Страница 5 из 11
От удара головой мне стало так плохо, что меня даже затошнило. В душе я отправила отца и сына к чертовой бабушке, и, не сдержав досады, застонала.
– Ну, что еще?
Но не дождавшись от меня ответа, он, наверно, оглянулся, и не найдя меня на сиденье, бросил взгляд за него. Я услышала чертыханье, звук хлопнувшей дверцы, щелчок дверцы возле меня. Олег Петрович вытянул меня из машины, поставил на ноги.
– Ради бога, извините, – пробурчал он.
Только я не поняла за что, за клевету или за резкое торможение? Но мне уже было не до него, когда я почувствовала под ногами крепкую опору. Я встряхнулась, как пес, после купания, повела плечом, гордо подняла голову, и, набрав больше свежего воздуха, презрительно выдавила:
– Садист.
Твердо, ставя ноги, на мокрую землю, и молясь, чтобы моя походка не была, как у пьяного, я шла и бормотала про себя, что хотелось бы высказать, этому мистеру Ханже. Но правда, уже было поздно дискутировать, так как я стояла на пороге дома.
Отец встретил меня старческим всплеском рук, удивившись моему виду. Мало того, что я была мокрой, успела вымокнуть пока шла от машины к дому, так и грязной.
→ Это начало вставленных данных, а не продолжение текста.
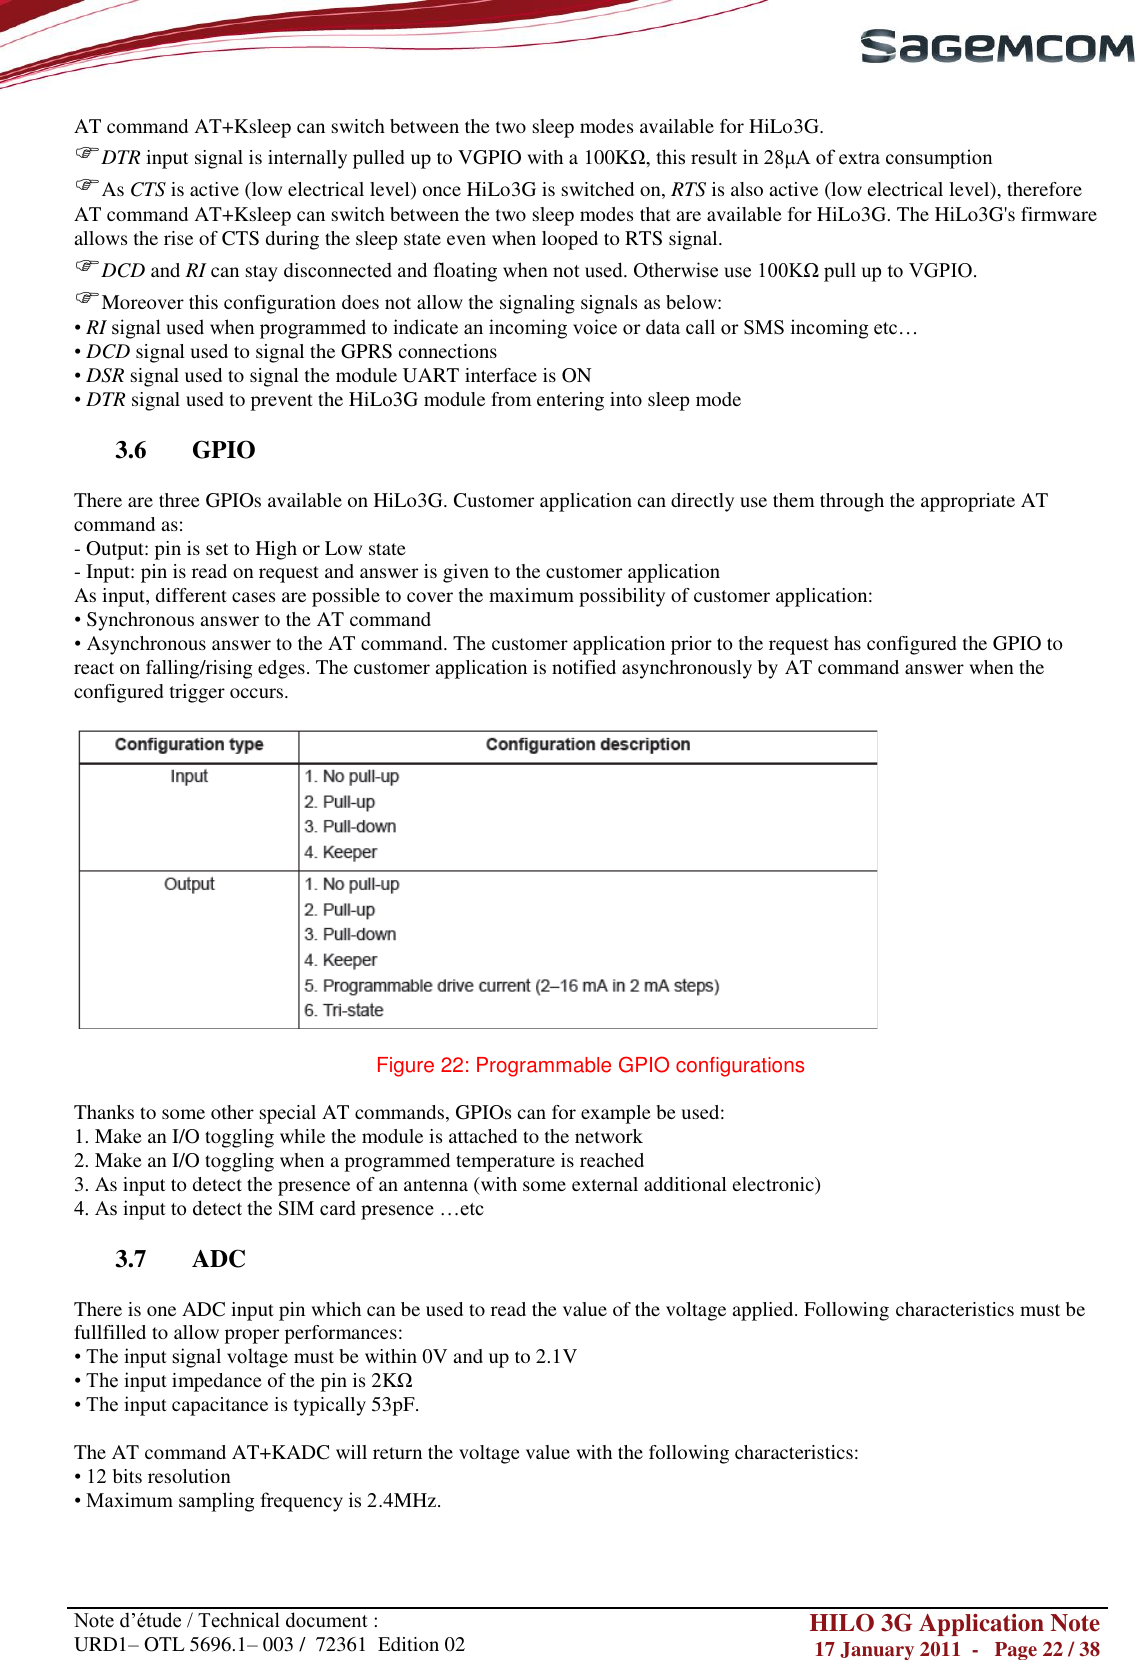       Note d‘étude / Technical document : URD1– OTL 5696.1– 003 /  72361  Edition 02 HILO 3G Application Note 17 January 2011  -   Page 22 / 38    AT command AT+Ksleep can switch between the two sleep modes available for HiLo3G. DTR input signal is internally pulled up to VGPIO with a 100KΩ, this result in 28μA of extra consumption As CTS is active (low electrical level) once HiLo3G is switched on, RTS is also active (low electrical level), therefore AT command AT+Ksleep can switch between the two sleep modes that are available for HiLo3G. The HiLo3G&apos;s firmware allows the rise of CTS during the sleep state even when looped to RTS signal. DCD and RI can stay disconnected and floating when not used. Otherwise use 100KΩ pull up to VGPIO. Moreover this configuration does not allow the signaling signals as below: • RI signal used when programmed to indicate an incoming voice or data call or SMS incoming etc… • DCD signal used to signal the GPRS connections • DSR signal used to signal the module UART interface is ON • DTR signal used to prevent the HiLo3G module from entering into sleep mode  3.6 GPIO  There are three GPIOs available on HiLo3G. Customer application can directly use them through the appropriate AT command as: - Output: pin is set to High or Low state - Input: pin is read on request and answer is given to the customer application As input, different cases are possible to cover the maximum possibility of customer application: • Synchronous answer to the AT command • Asynchronous answer to the AT command. The customer application prior to the request has configured the GPIO to react on falling/rising edges. The customer application is notified asynchronously by AT command answer when the configured trigger occurs.    Figure 22: Programmable GPIO configurations   Thanks to some other special AT commands, GPIOs can for example be used:  1. Make an I/O toggling while the module is attached to the network   2. Make an I/O toggling when a programmed temperature is reached  3. As input to detect the presence of an antenna (with some external additional electronic)  4. As input to detect the SIM card presence …etc  3.7 ADC  There is one ADC input pin which can be used to read the value of the voltage applied. Following characteristics must be fullfilled to allow proper performances: • The input signal voltage must be within 0V and up to 2.1V • The input impedance of the pin is 2KΩ • The input capacitance is typically 53pF.  The AT command AT+KADC will return the voltage value with the following characteristics: • 12 bits resolution • Maximum sampling frequency is 2.4MHz.

Грязь я собрала, валяясь на коврике машины.
– Папа, дай мне, пожалуйста, горячего чаю с малиной, – опережая его вопросы, попросила я. – И позвони, будь добр, Петру Григорьевичу, и скажи ему, что я увольняюсь.
Восклицания отца:
– Что случилось? Почему ты решила уволиться?
Я не стала слушать, а отправилась прямиком в свою комнату, мысленно добавив еще один пункт в черном списке книги о своей невезучей жизни.
Когда ко мне в комнату влетел отец, расплескивая чай из чашки, я, как ни в чем не бывало, сидела и читала книгу, точнее изображала.
Увидев такую мирную картину, отец опешил, и резко остановился, пролив остатки чая.
– Ты часом, не заболела дочь?
– Да, ты что, пап, я здорова, и чувствую себя прекрасно. Спасибо за чай, – сказала я и взяла из его рук пустую чашку, пока он ее не выронил, услышав от меня последние новости.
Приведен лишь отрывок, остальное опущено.